Apostolic school explained

An apostolic school is a missionary college of the Roman Catholic Church which trains the secular clergy for missionary work abroad. The first apostolic school was opened at Avignon in 1865 by Alberic de Foresta. His desire was to give boys with an ecclesiastical bent but without means a way to enter the clergy. The course of studies comprises training in the classics from Latin and Greek, and modern languages, and in mathematics. Most Catholic religious orders now have apostolic schools for the recruitment of their own ranks or for foreign missions.

History

Apostolic schools, as distinct from junior ecclesiastical seminaries, owed their origin to the Jesuit priest Alberic de Foresta (b. 1818; d. 1876). He formed the design of opening a school where youths who gave promise of an ecclesiastical vocation, and who were disposed to go and labour on foreign missions, might be properly trained. With the approval of his superiors, de Foresta opened the first apostolic school at Avignon in 1865[1] The course of studies in the apostolic school comprised training in the Latin and Greek classics, in modern languages, and in mathematics. The residence of the scholars was near one of the colleges of the Society of Jesus; the pupils attended classes along with the students of the college.

In 1868 similar apostolic schools were established at Amiens and Turin; in 1869 one was opened at Poitiers, in 1871 at Turnhout in Belgium and at New Orleans, in 1873 at Bordeaux, in 1874 at Tananarive, in 1877 at Dole and at Monaco, and in 1879 at Boulogne-sur-Mer. Pope Pius IX, in a Brief dated 12 April, 1867, blessed the work of the apostolic schools, and in Briefs dated 30 June, 1870, and 15 May, 1877, repeated his approval and bestowed indulgences on them and on those who promoted them. Anticlerical legislation in France after 1880 was an obstacle. The apostolic school of Avignon relocated to Eremo Lanzo, in the neighbourhood of Turin. The school at Bordeaux moved to Vitoria, in Spain. The Amiens apostolic school transferred to Littlehampton, in England, and thence to Thieu, in the Diocese of Tournai, Belgium. When the schools of Avignon, Amiens, Turnhout, Poitiers, and Bordeaux had been about thirty years in existence, they had educated about one thousand missionaries.

The Jesuit Fathers set up an apostolic school at Mungret College, near Limerick, in Ireland. The Mungret apostolic school owes its origin to William Ronan. In the course of his missionary work throughout Ireland, Ronan had met many boys who gave signs of an ecclesiastical vocation, but who, from lack of means or other causes, were unable to attain the object of their aspirations. Ronan was eventually appointed rector of the Jesuit college at Limerick, and he then conceived the idea of opening an apostolic school in connection with that establishment. On 24 September, 1880, a commencement was made with eight pupils. Ronan, the first rector, visited the United States in 1884 to raise funds.

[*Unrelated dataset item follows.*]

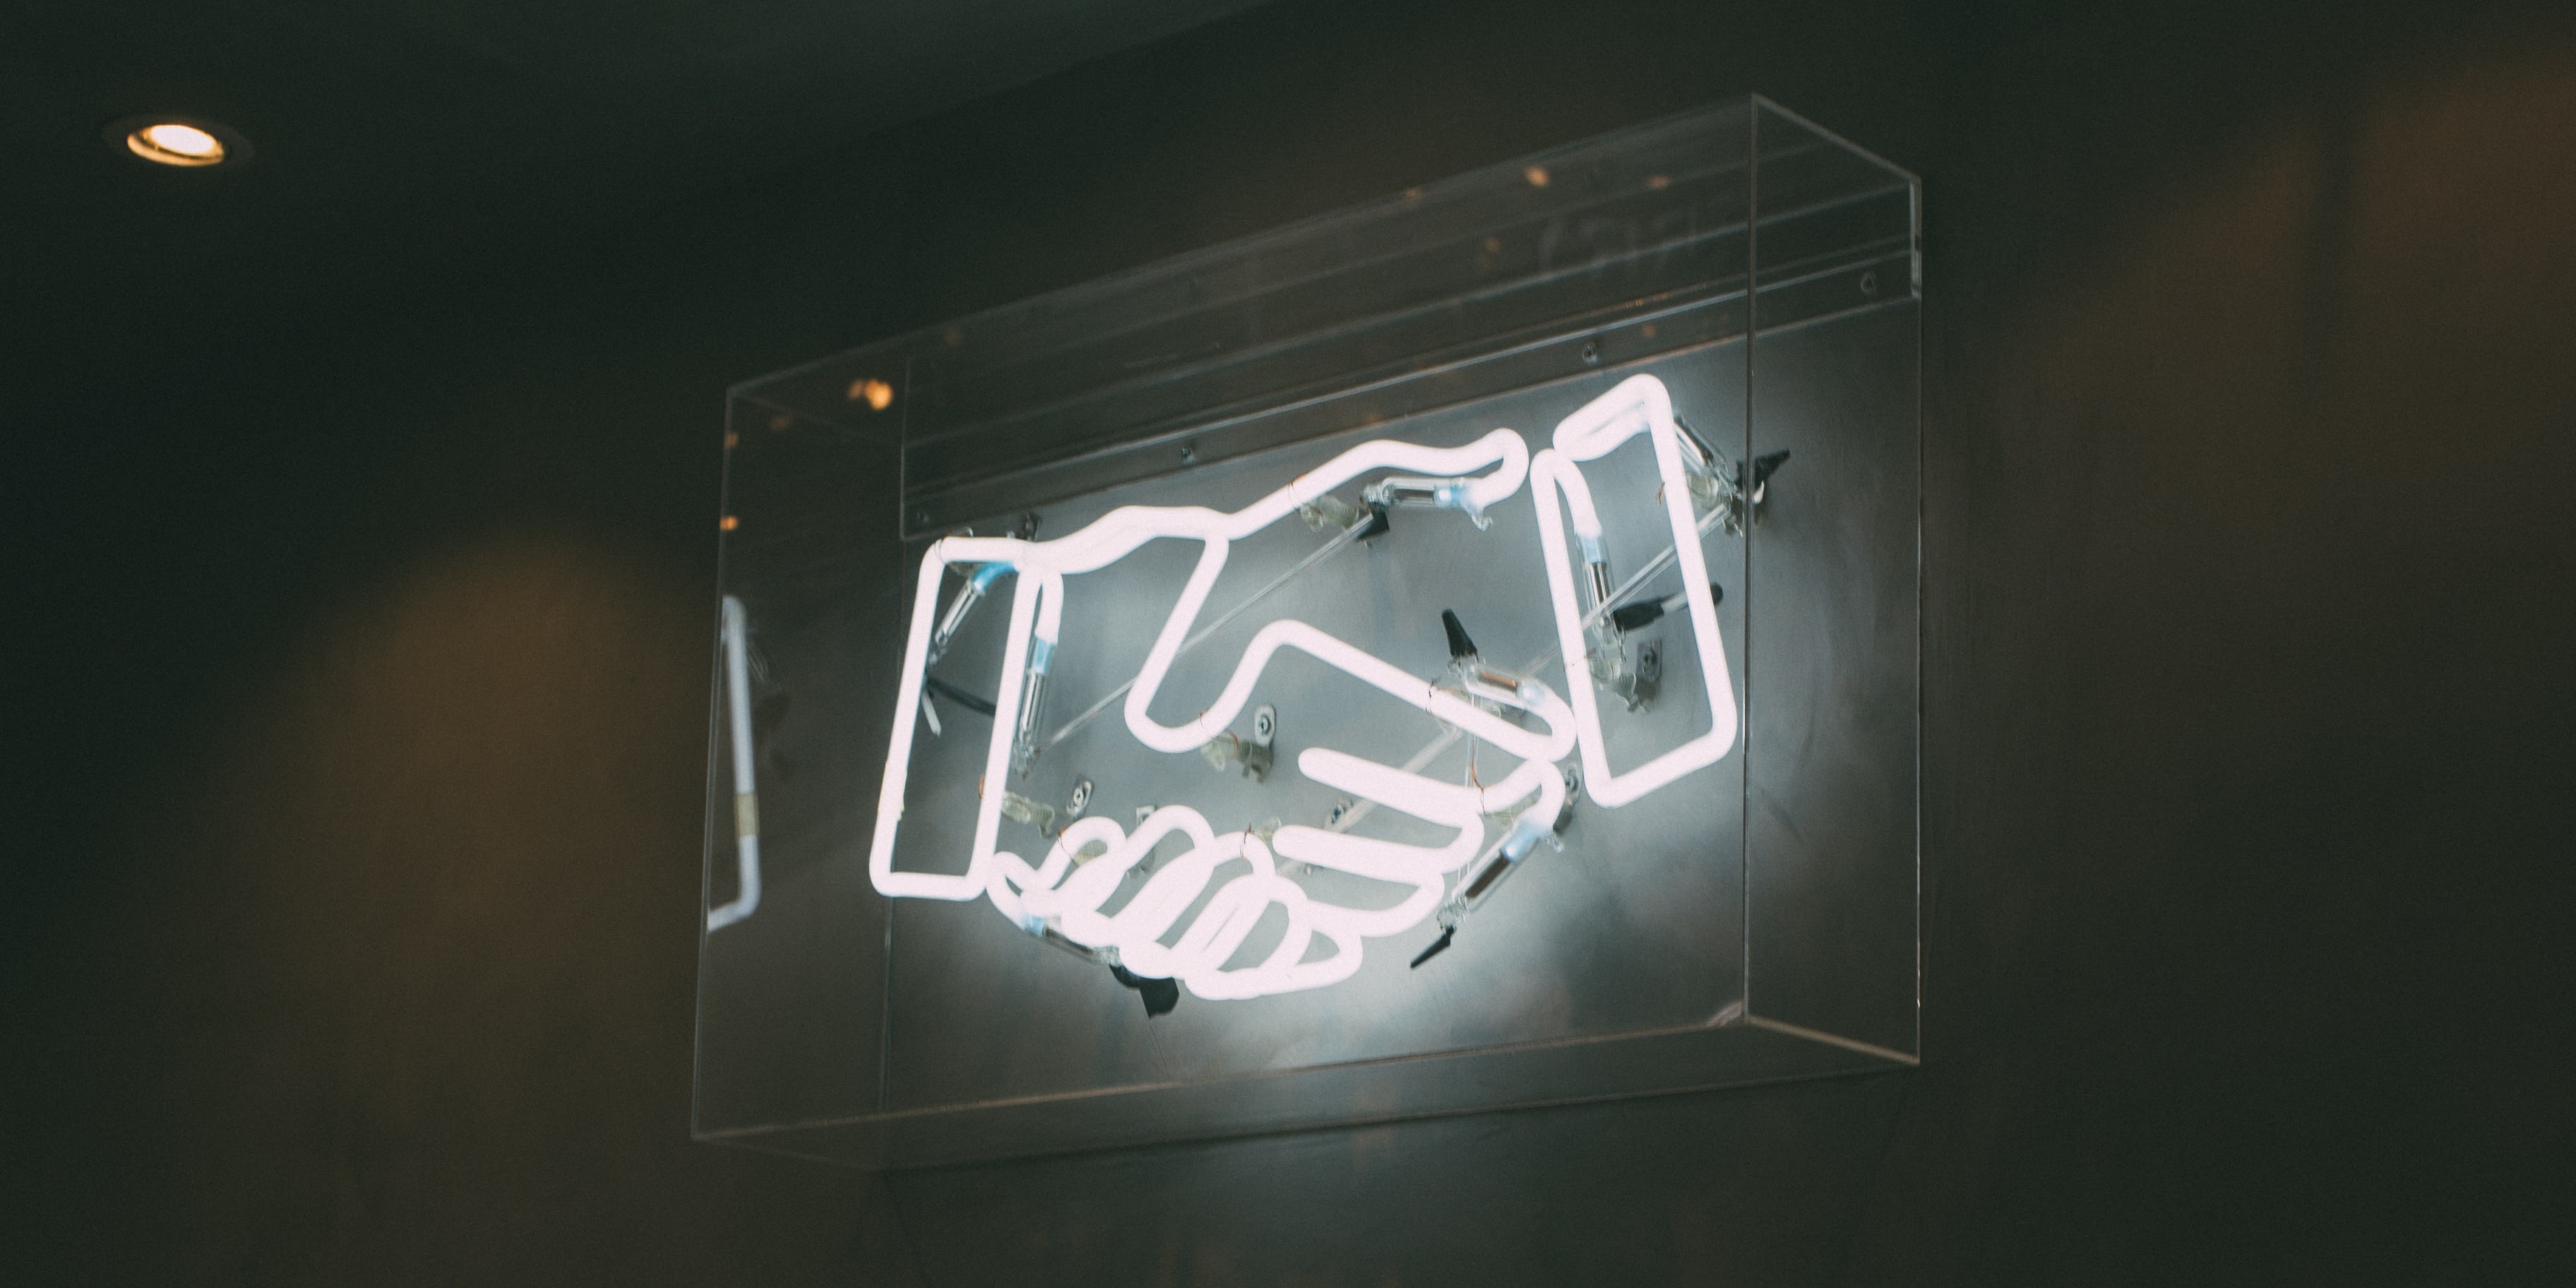 Handshake. Wrap up your deal with potential customers. Photo by @charlesdeluvio via Unsplash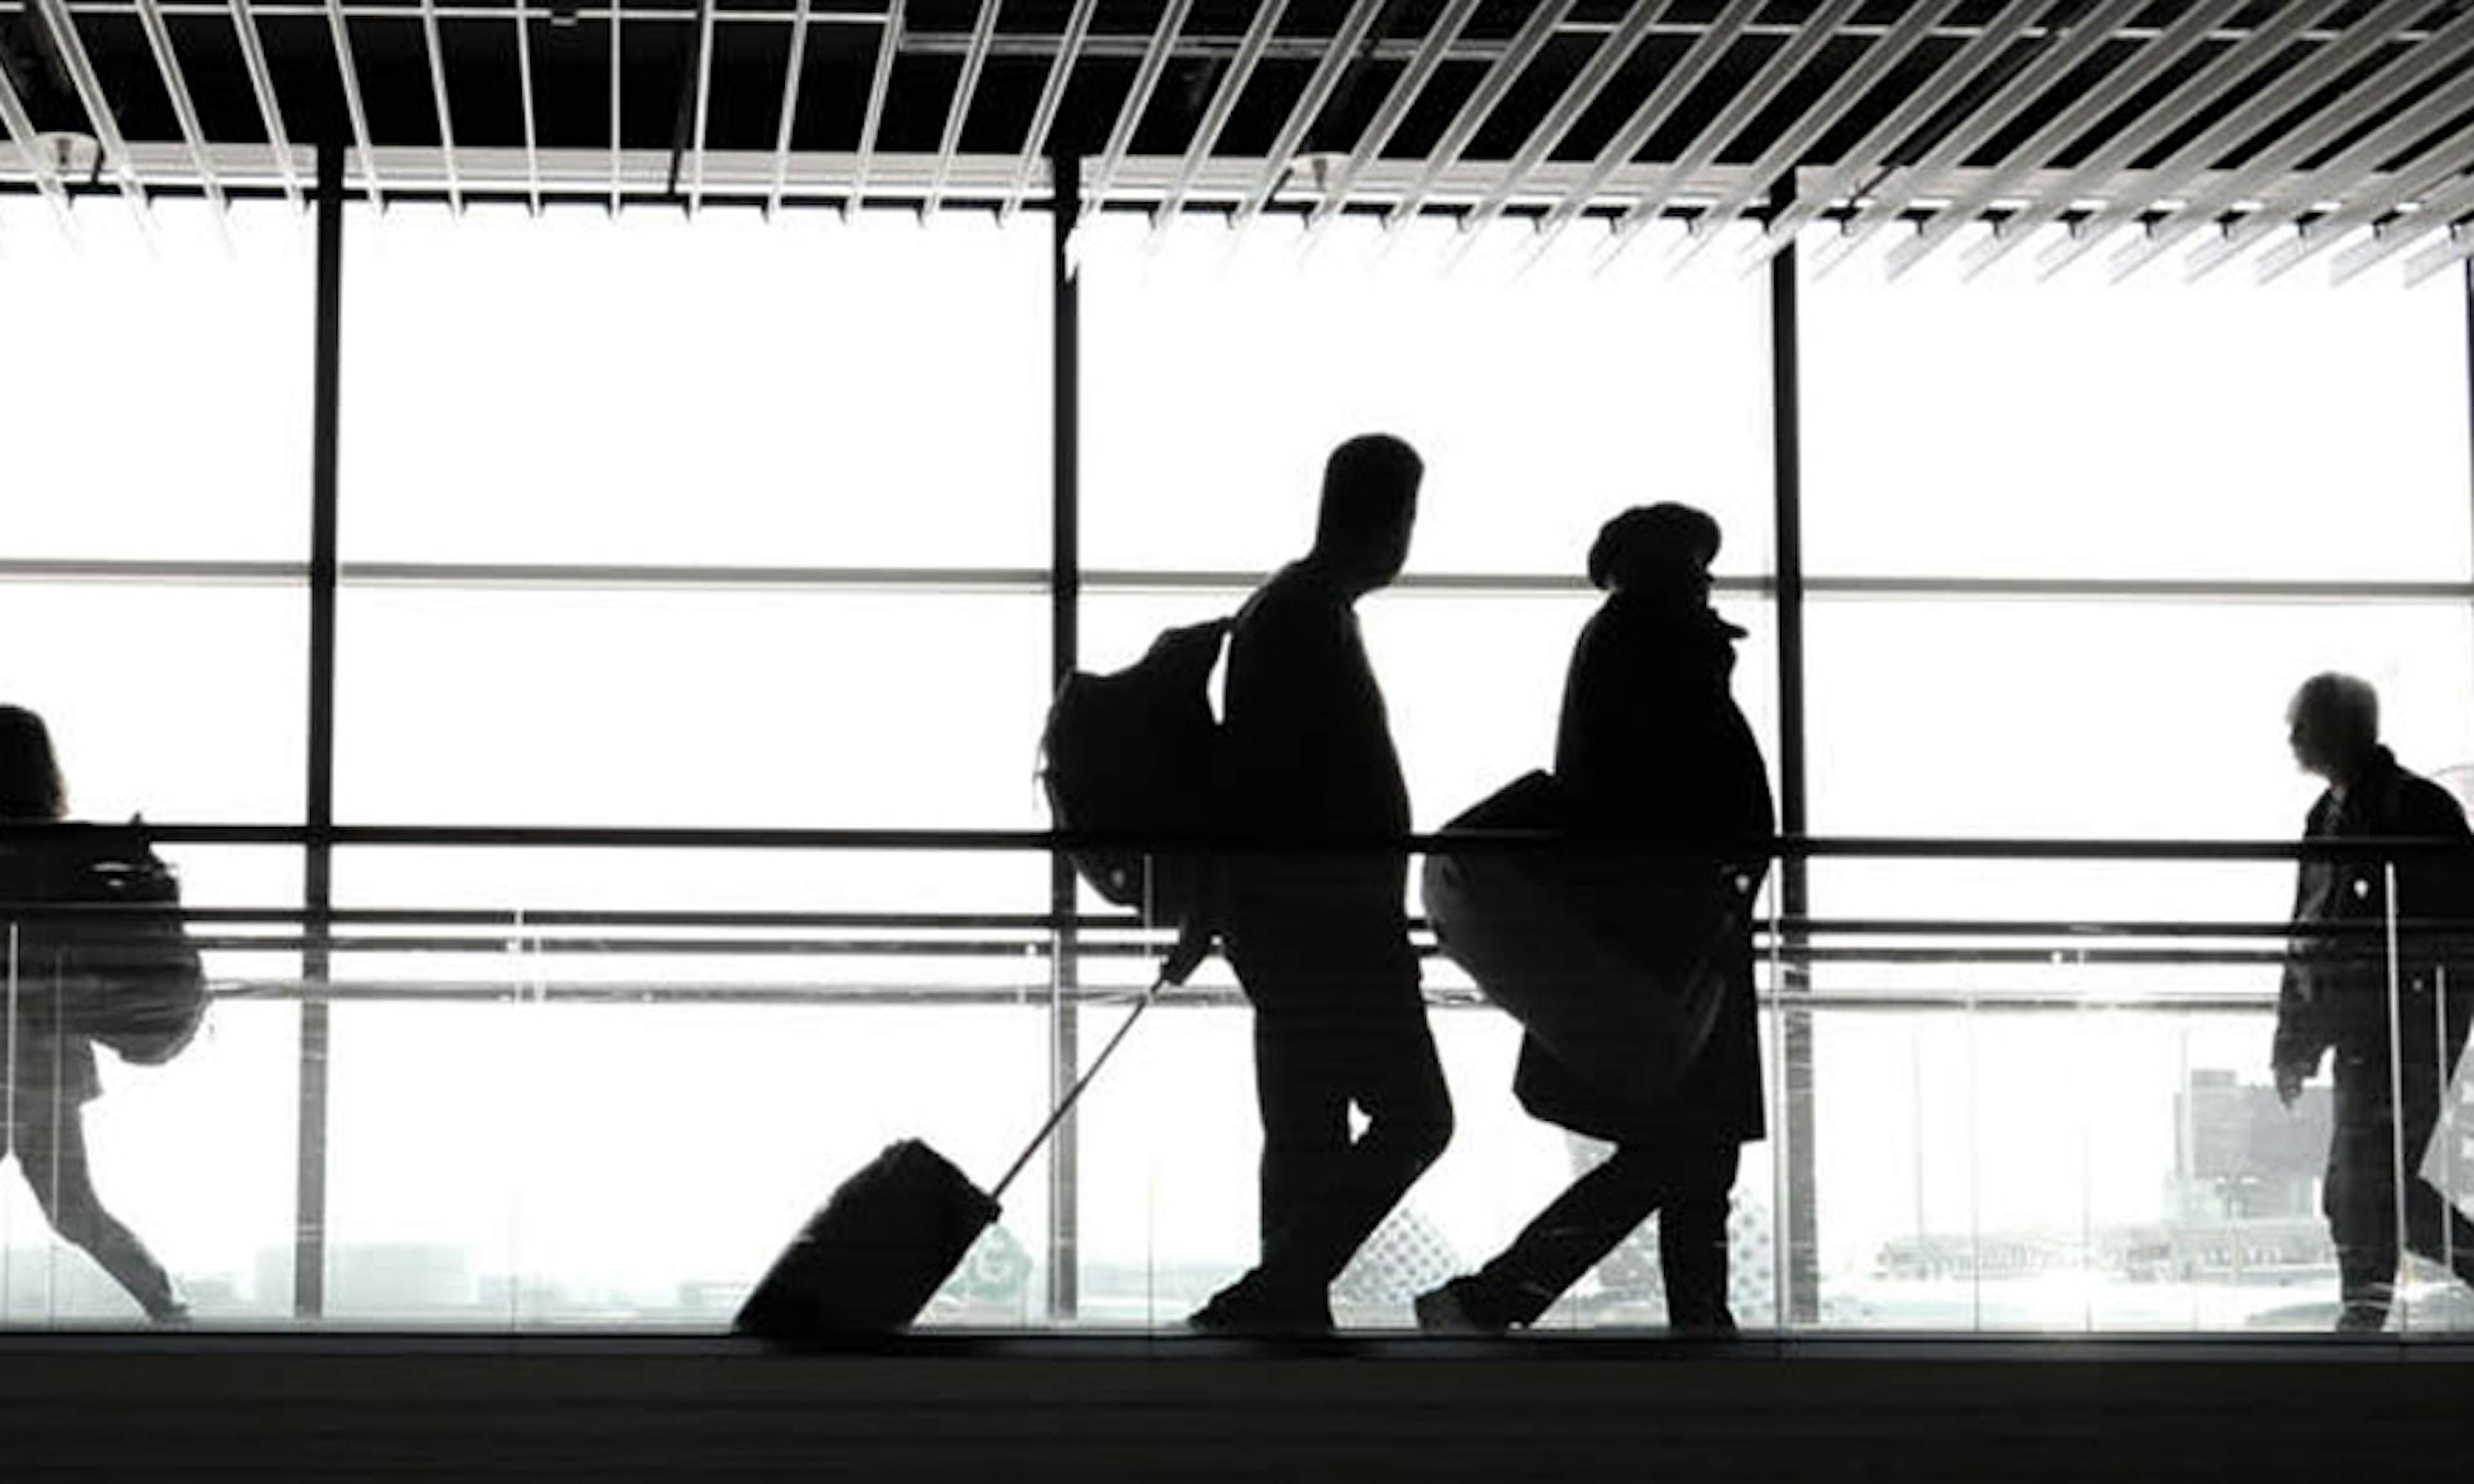 Silhouettes of people walking in an airport

Most Catholic religious orders and congregations established apostolic schools for the recruitment of their own ranks or for the foreign missions: the Vincentians, the Salesians, the Fathers of the Holy Ghost, the Mill Hill Missionaries, the White Fathers, the African Missionaries of Lyon, the Missionaries of the Sacred Heart, the Missionaries of Mont-St-Michel, the Dominicans, Franciscans, and Redemptorists.

References

Notes

  1. James Patrick Daughton, An Empire Divided (2006), p. 37.